Perhaps Mr. Hartwig made a clever shift from loss ratios to dollars (his phrase “actual losses” implies this) but that would be very deceptive in the midst of a discussion of declining loss ratios and loss of consumer value per dollar of premium. I will not comment on intent, since Mr. Hartwig is clearly more experienced in that area than I am.
Finally, Mr. Hartwig criticizes a single number in the report--the 2006 surplus figure of $621.8 billion--which he says includes state funds and includes overlap of company surplus.
He is right about the double count and I will fix that in future editions of our profit analysis. But he is wrong about any devastating effect of this number on our report’s findings.
The number in question appears in the report in a column of data at page 29. It identifies that the data includes state funds in the footnote on that page. The surplus of state funds is available in catastrophes, such as in terrorism attacks producing workers' compensation claims, and is therefore appropriately included.

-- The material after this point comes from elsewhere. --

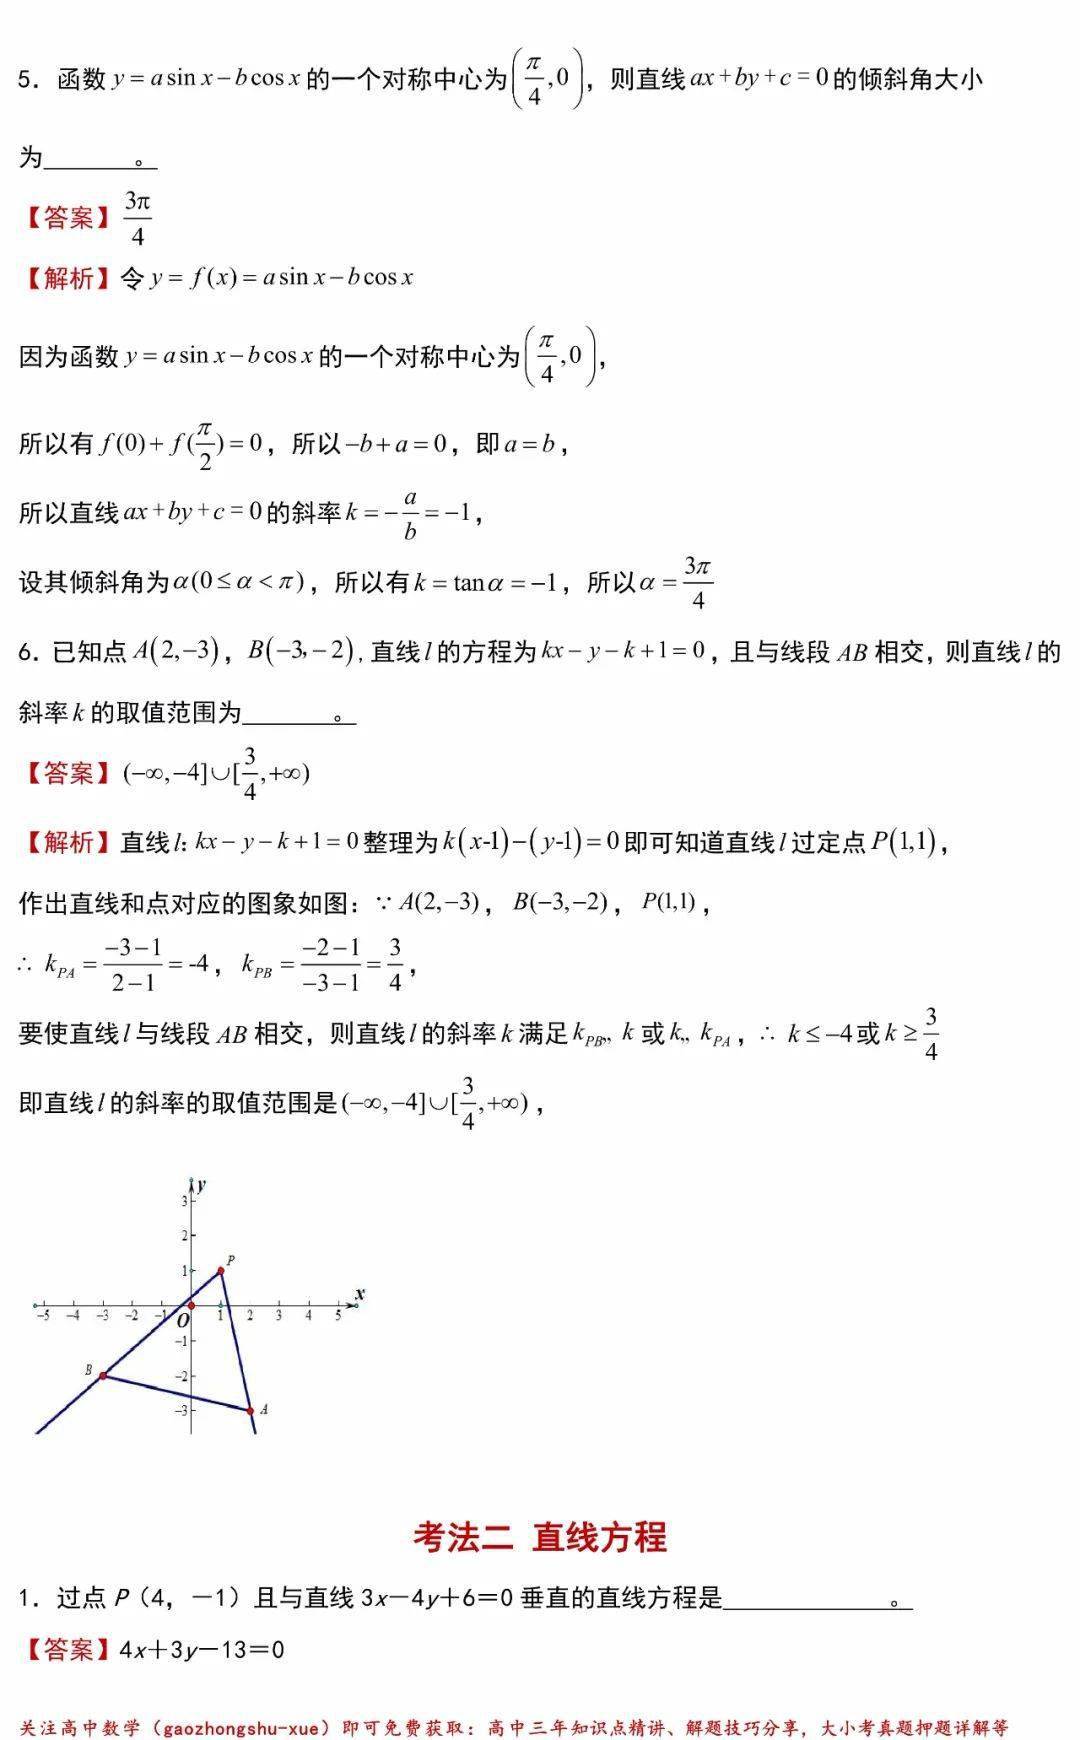 高中数学解析几何基础 圆与直线方程 干货与题型全汇总 问题

The most important point about the surplus number is that the figure is not used in any way in the development of CFA’s four key findings, that:
(1) There is decreased consumer value in P&C insurance (as measured by declining loss ratios of only private insurers, with no double counting or state funds included),
(2) There are extremely excessive profits (as measured by declining loss ratios of only private insurers, with no double counting or state funds included),
(3) There is significantly excessive surplus today. (We did not use the number Mr. Hartwig attacks in making this claim. Indeed we used Mr. Hartwig’s own Earlybird Forecast Report, which admits: “At the same time, there is excess capital in the industry today—estimated by some analysts to be as much as $100 billion—that is driving down returns on equity.”) or
(4) There are excessive reserve levels today (which are based on ISO reported redundancies).